> _TASK_: Starting from the line that holds "Image: Fire and", output exactly each line through the end of the listing. Do not copy pictures.

> _DATA BELOW_:
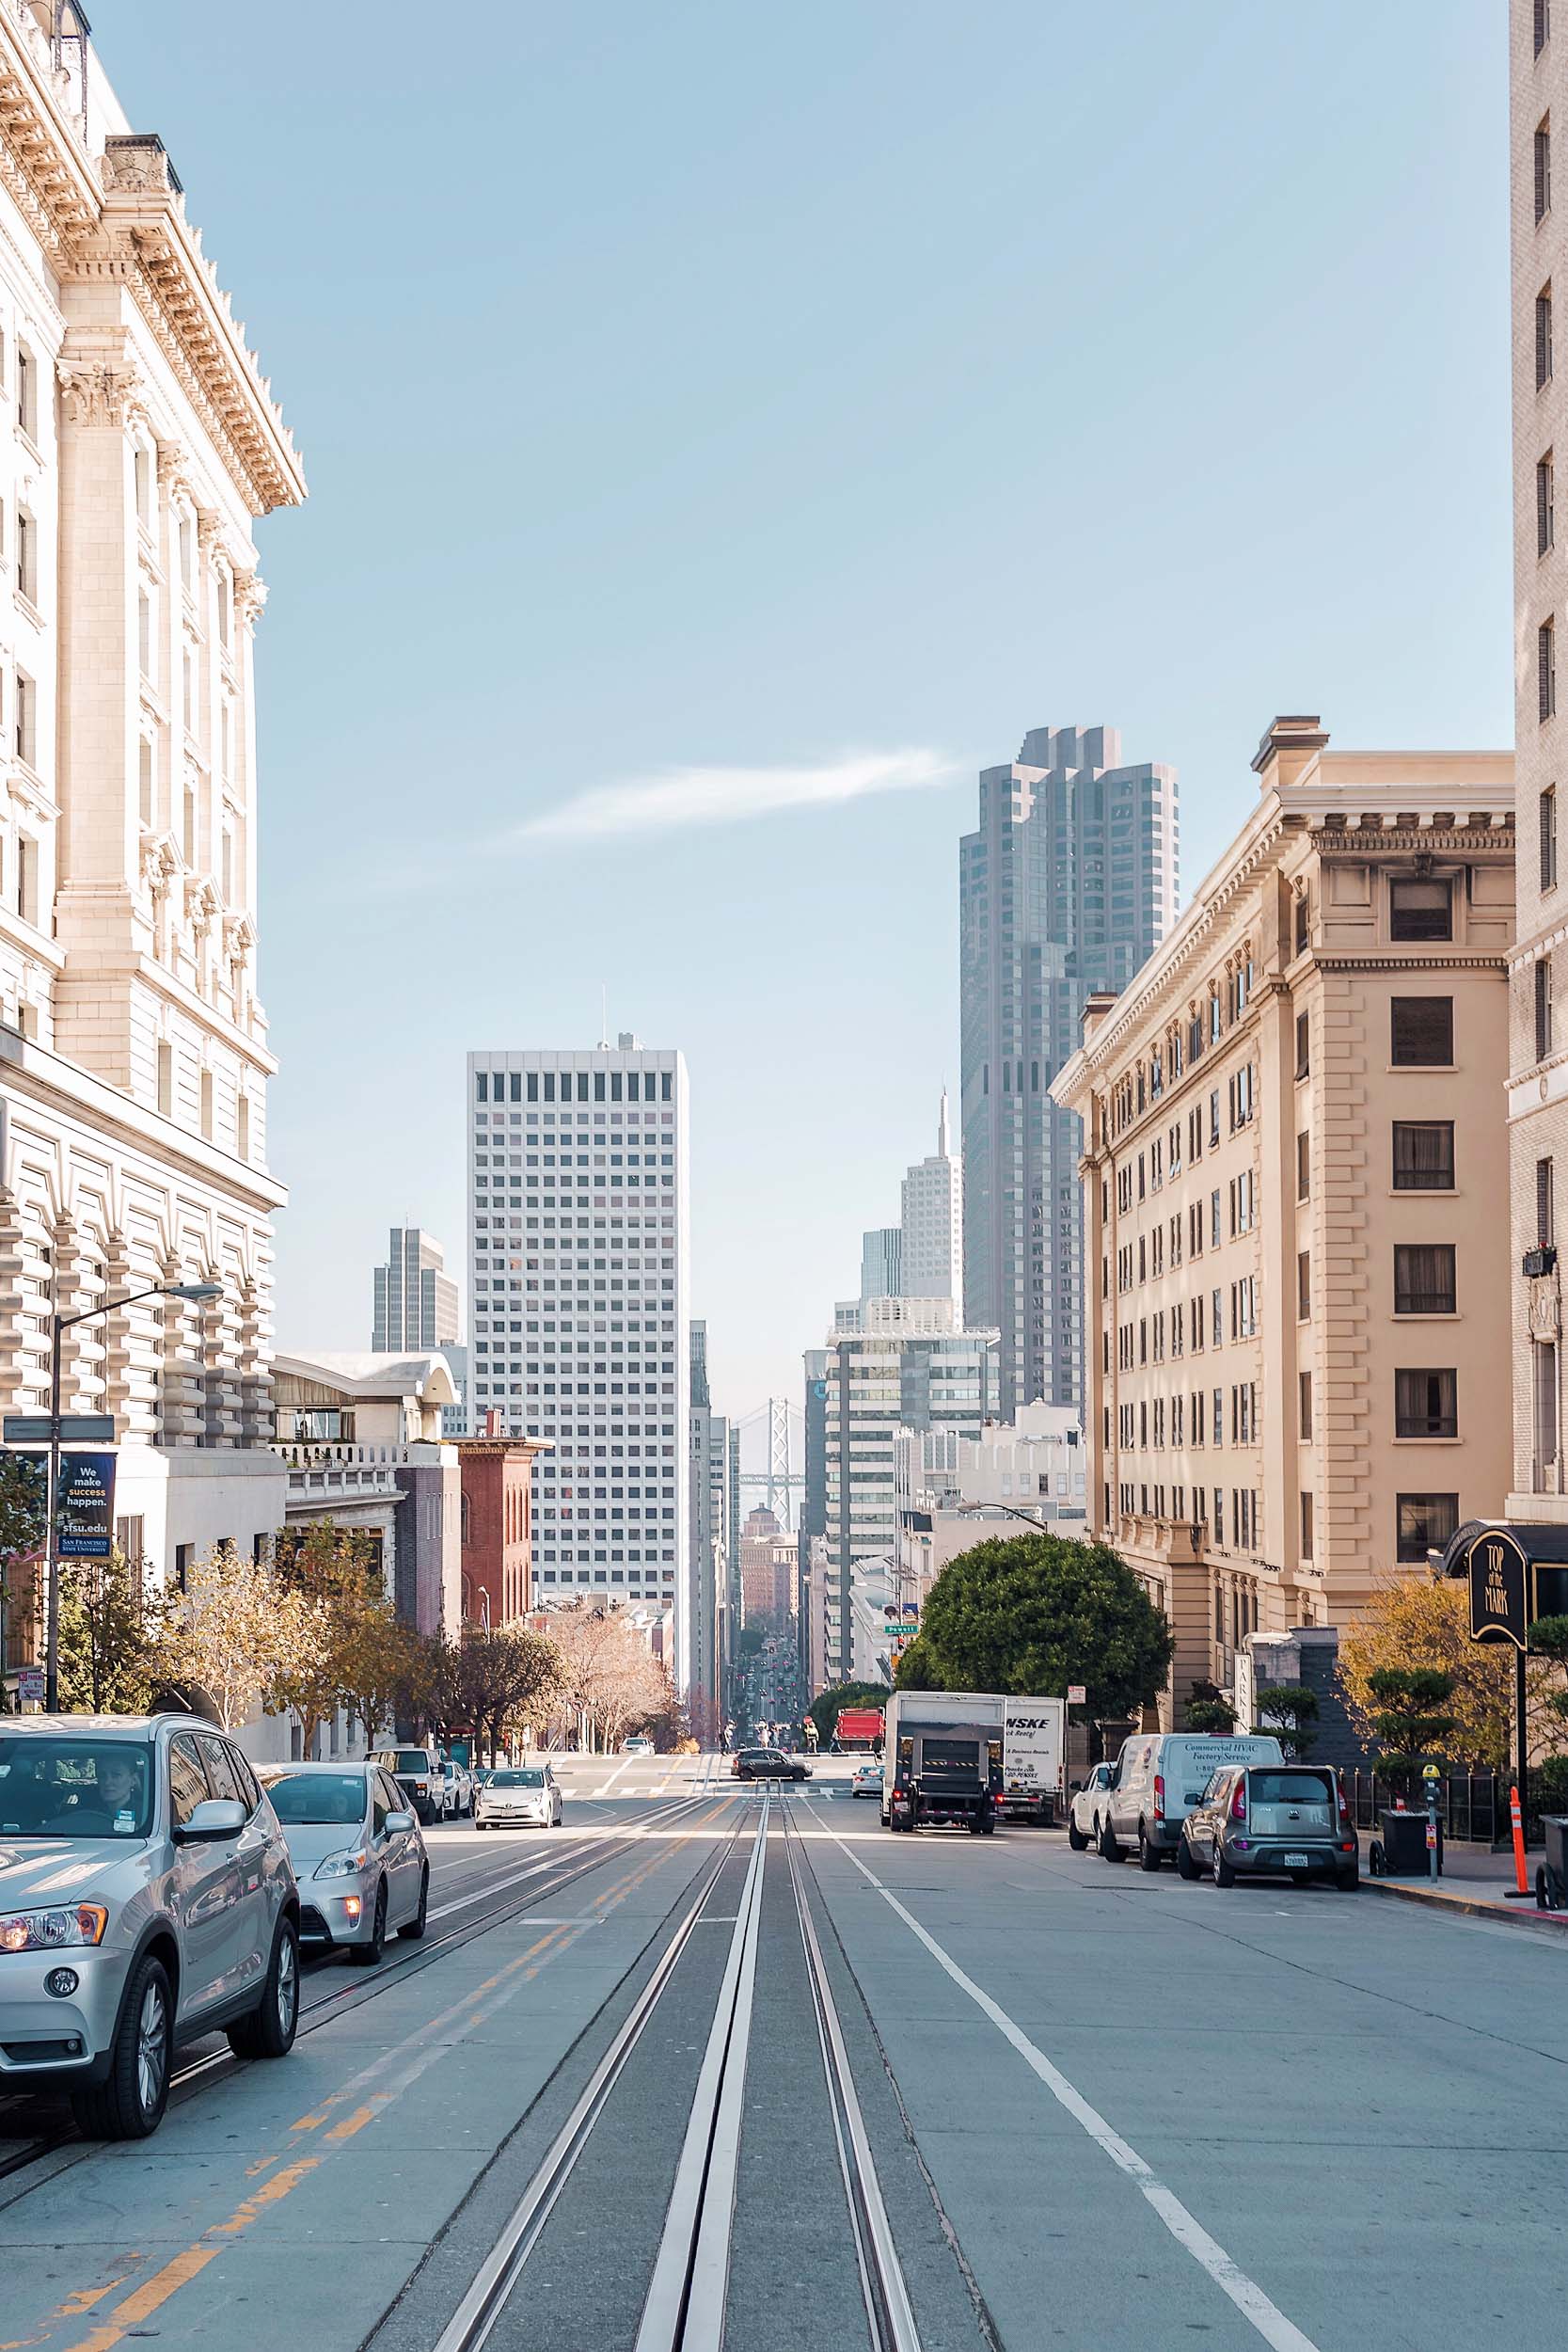 Fairmont San Francisco is centrally located on top of Nob Hill, offering beautiful panoramic city views.  It’s the only spot in SF where all of the cable car lines meet!
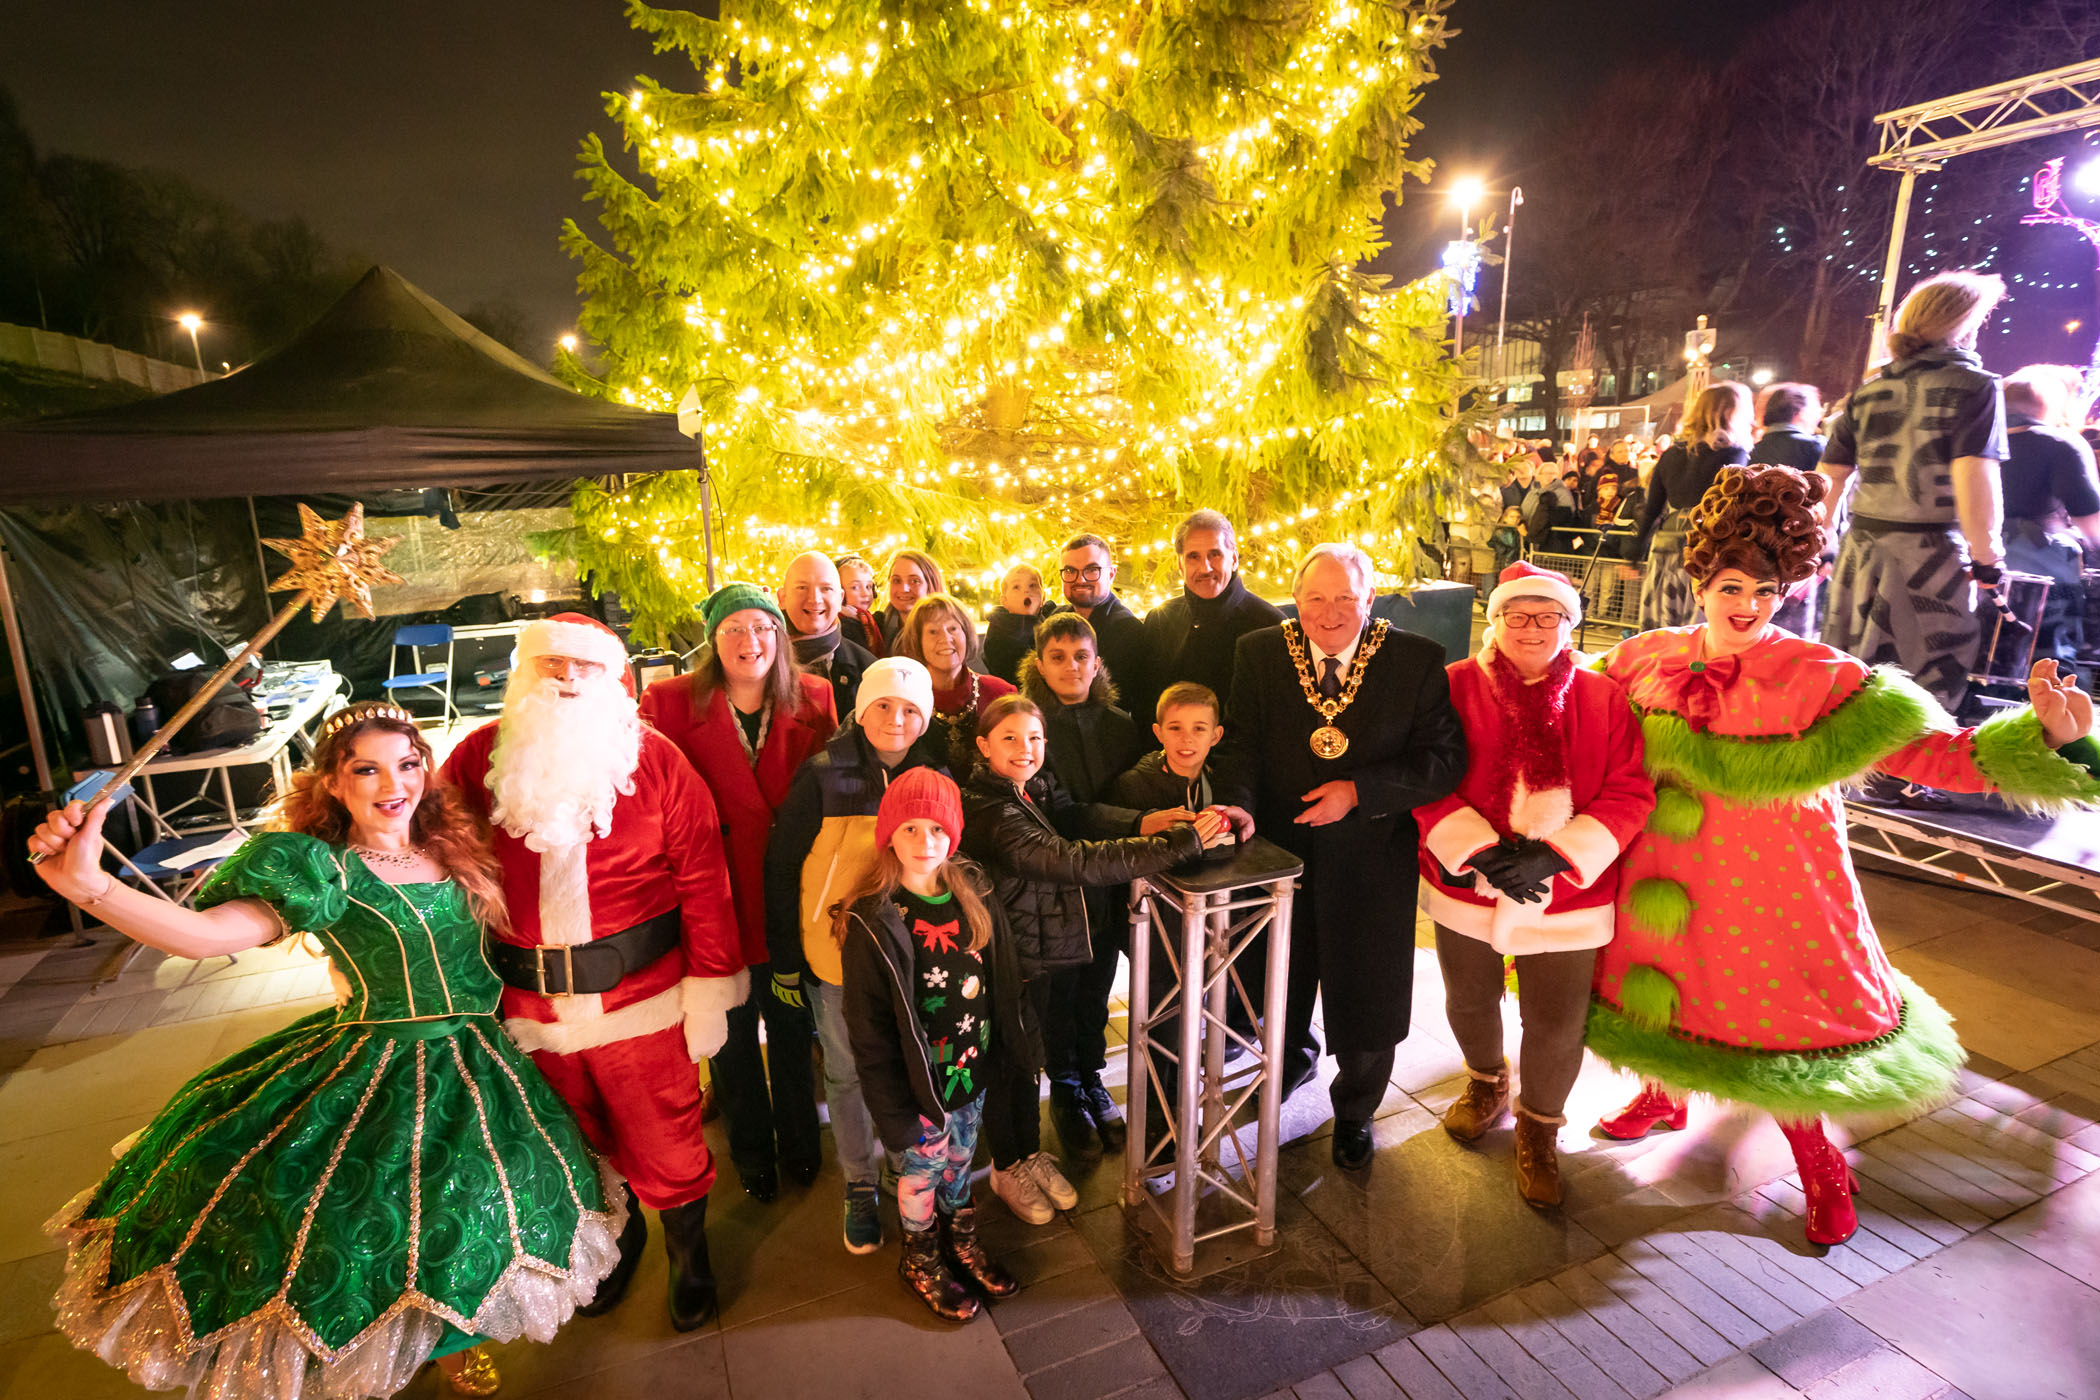 Image: Fire and festivities as Christmas countdown starts in Rochdale
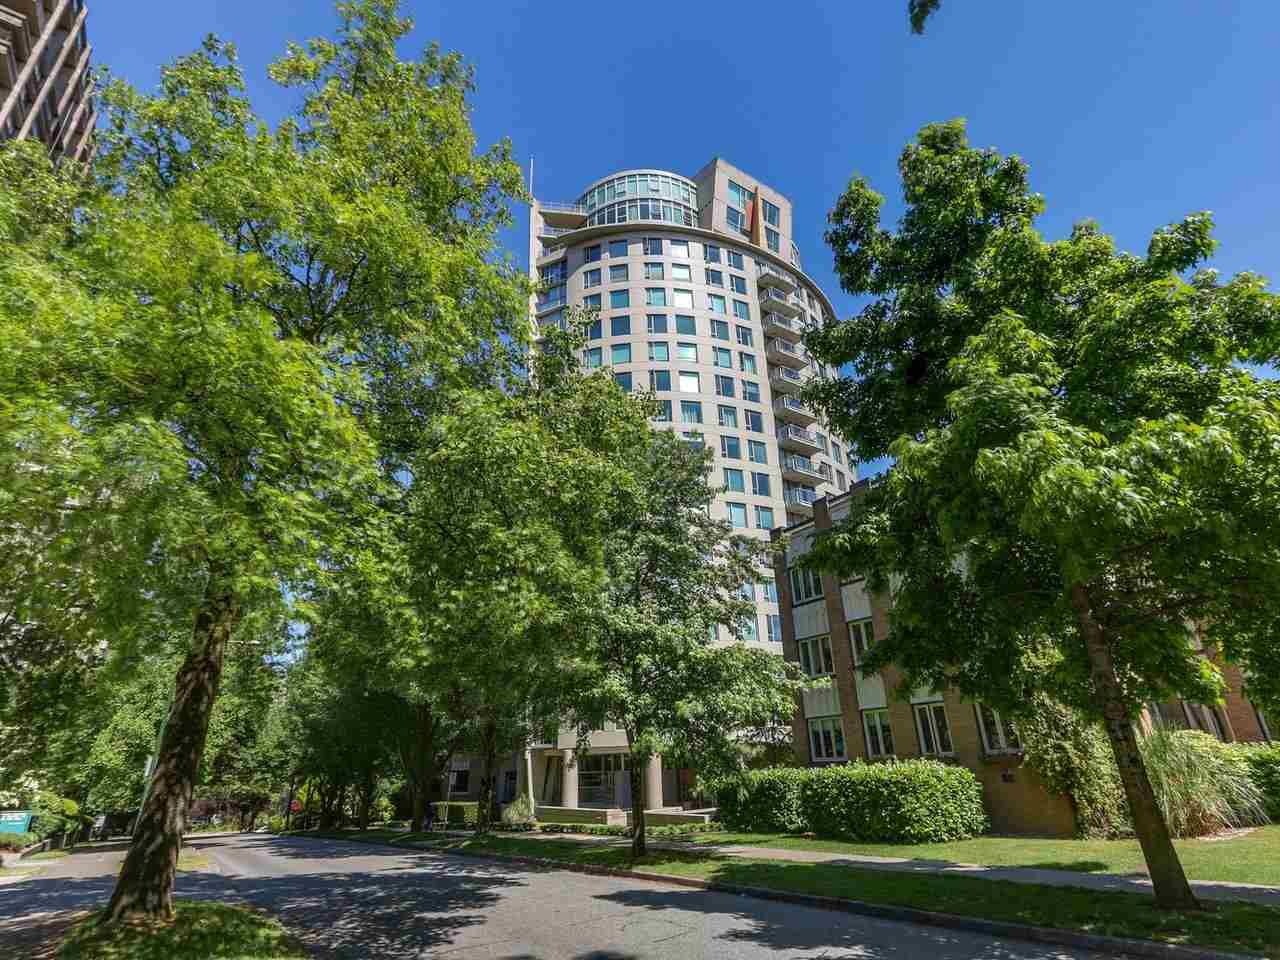 Main Photo: 806 1277 NELSON STREET in : West End VW Condo for sale (Vancouver West)  : MLS®# R2268313

> _COMPLETED EXERCISE_:
 Image: Fire and festivities as Christmas countdown starts in Rochdale
 Main Photo: 806 1277 NELSON STREET in : West End VW Condo for sale (Vancouver West)  : MLS®# R2268313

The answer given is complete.